Before doing a Masters in Film from Columbia University, Bigelow had come to New York on a scholarship from California in the 1970s to study art, and you can see that look even when she stages sweaty, filthy soldiers.

“Fatal Command – The Hurt Locker” by Kathryn Bigelow won the 82nd Academy Awards as best film – and made its creator Kathryn Bigelow the first woman to receive an Oscar for directing.

(Photo: Concorde / picture alliance / dpa)

“The Hurt Locker” is neither an anti-war film nor a propaganda film. It’s a character study that goes deep into the heart of America. For this Bigelow was awarded the Oscar for best director in 2010, as the first woman ever. This year she asserts herself against Quentin Tarantino and her ex-husband James Cameron, among others. “The Hurt Locker” won a total of six Academy Awards, including Best Picture and Best Screenplay. Bigelow had gotten rid of the flops. More than that.

This was followed by “Zero Dark Thirty” (2013) about the hunt for Osama bin Laden and “Detroit” (2017) about a racist police raid. Both films earned her a lot of criticism. In “Detroit” you mix reenacted scenes with historical recordings, it was said, and have illegally appropriated the blacks’ perspective. The philosopher Slavoj Žižek accused her that the realistic and emphatically neutral portrayal of waterboarding in “Zero Dark Thirty” legitimized torture. Some American senators also intervened, saying that torture had provided no evidence of bin Laden’s hiding place. Bigelow’s longtime screenwriter, war reporter Mark Boal, probably saw it differently, and so did the director herself argued in the Los Angeles Timesthat waterboarding was a part of history that she couldn’t ignore. That does not mean that it justifies these methods.

The fact that Bigelow’s films repeatedly trigger such discussions shows how she works. Because even before the Oscar success, her films were often very close to current events or even ahead of their time. Not always in the political field. In “Dangerous Surf” (1991) she helped Keanu Reeves to breakthrough and also invented something like a new film genre: the surf thriller. “Strange Days” begins with a chase lasting several minutes, without any cut, filmed from the perspective of a criminal. Bigelow and her team developed their own camera for this sequence. Today many filmmakers use such elaborate sequences, back then it was absolutely avant-garde. And as one of the few women she made horror, action and science fiction films decades ago.

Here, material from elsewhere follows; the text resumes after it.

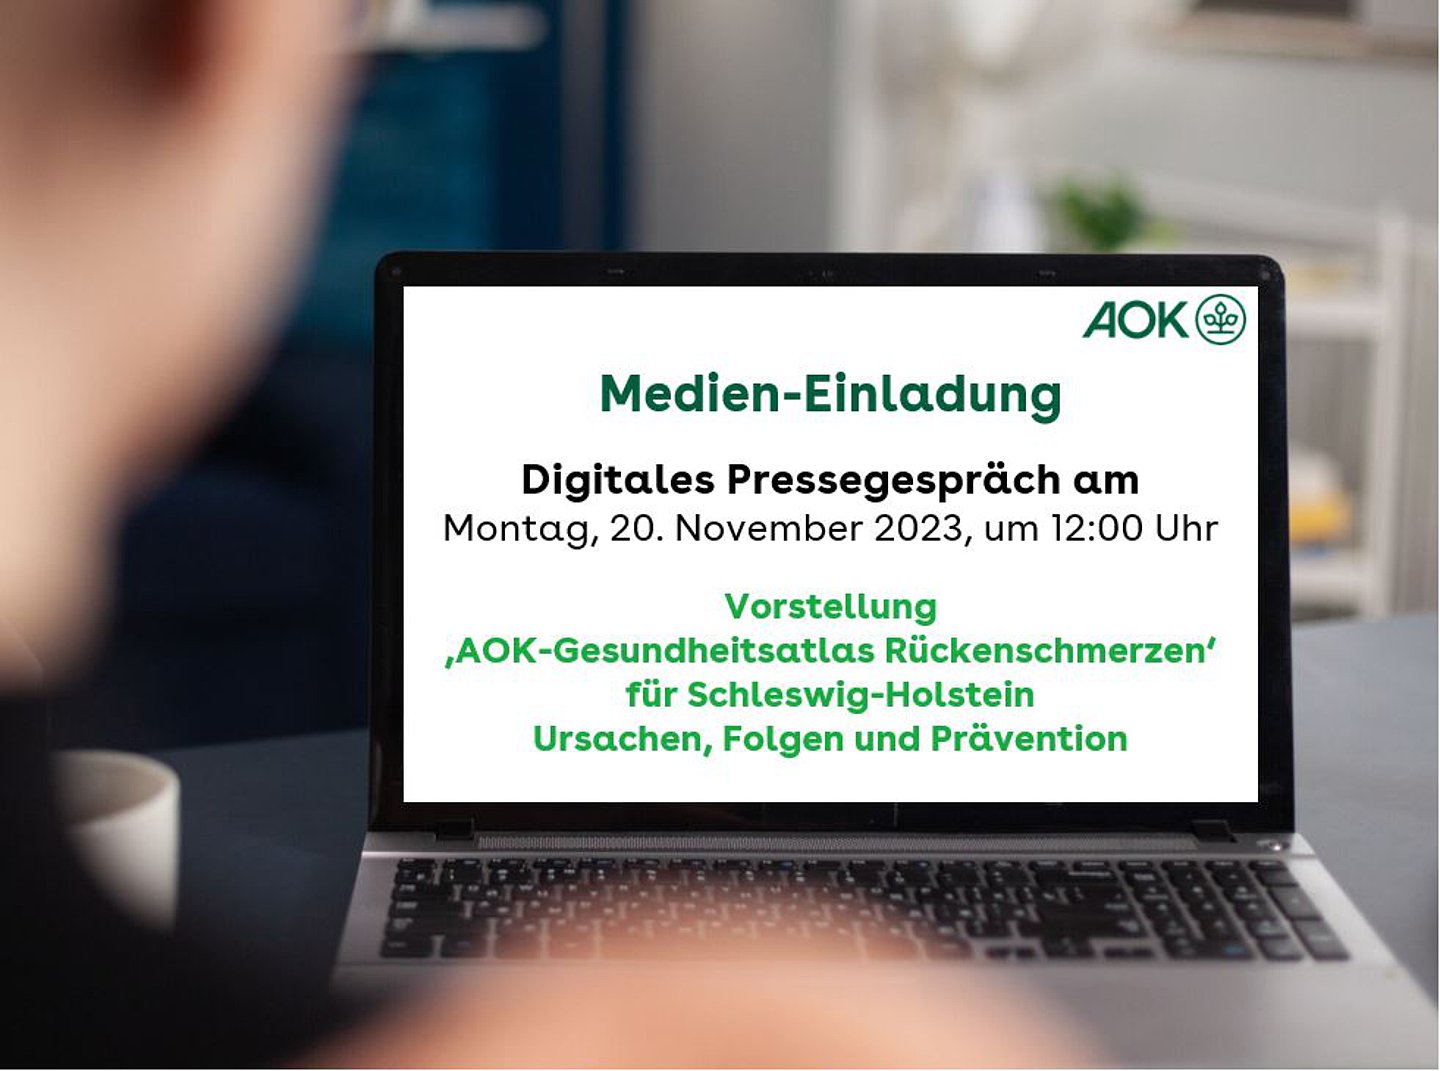 Foto: Medien-Einladung zum digitalen Pressegespräch am 20.11.2023 um 12 Uhr: Vorstellung  ‚AOK-Gesundheitsatlas Rückenschmerzen‘ für Schleswig-Holstein Ursachen, Folgen und Prävention.

Oscar nomination - Best Director - Kathryn Bigelow

Kathryn Bigelow on the set of “The Hurt Locker”.

(Photo: Summit Entertainment / picture alliance / dpa)

In the still sexist film business, a successful woman like Bigelow is probably offensive because she is a successful woman. Perhaps your last films in particular provoke such a violent backlash because they show police officers and soldiers who are racist, who make mistakes, who act inconsiderately; because they represent violence without playing down; because they extensively demonstrate the often glorified soldiery and military equipment without classifying them; because they show a reality that is otherwise often hidden.

The viewer often has to establish the connections himself, and the images that Bigelow offers can often be read in several ways. Isn’t “Zero Dark Thirty” also to be understood as a question of whether the killing of bin Laden justifies the brutal torture methods of the American secret services in retrospect? With the relentless honesty of her films, Kathryn Bigelow is the great documenter of the conflicts of our present day. She will be 70 years old on Saturday.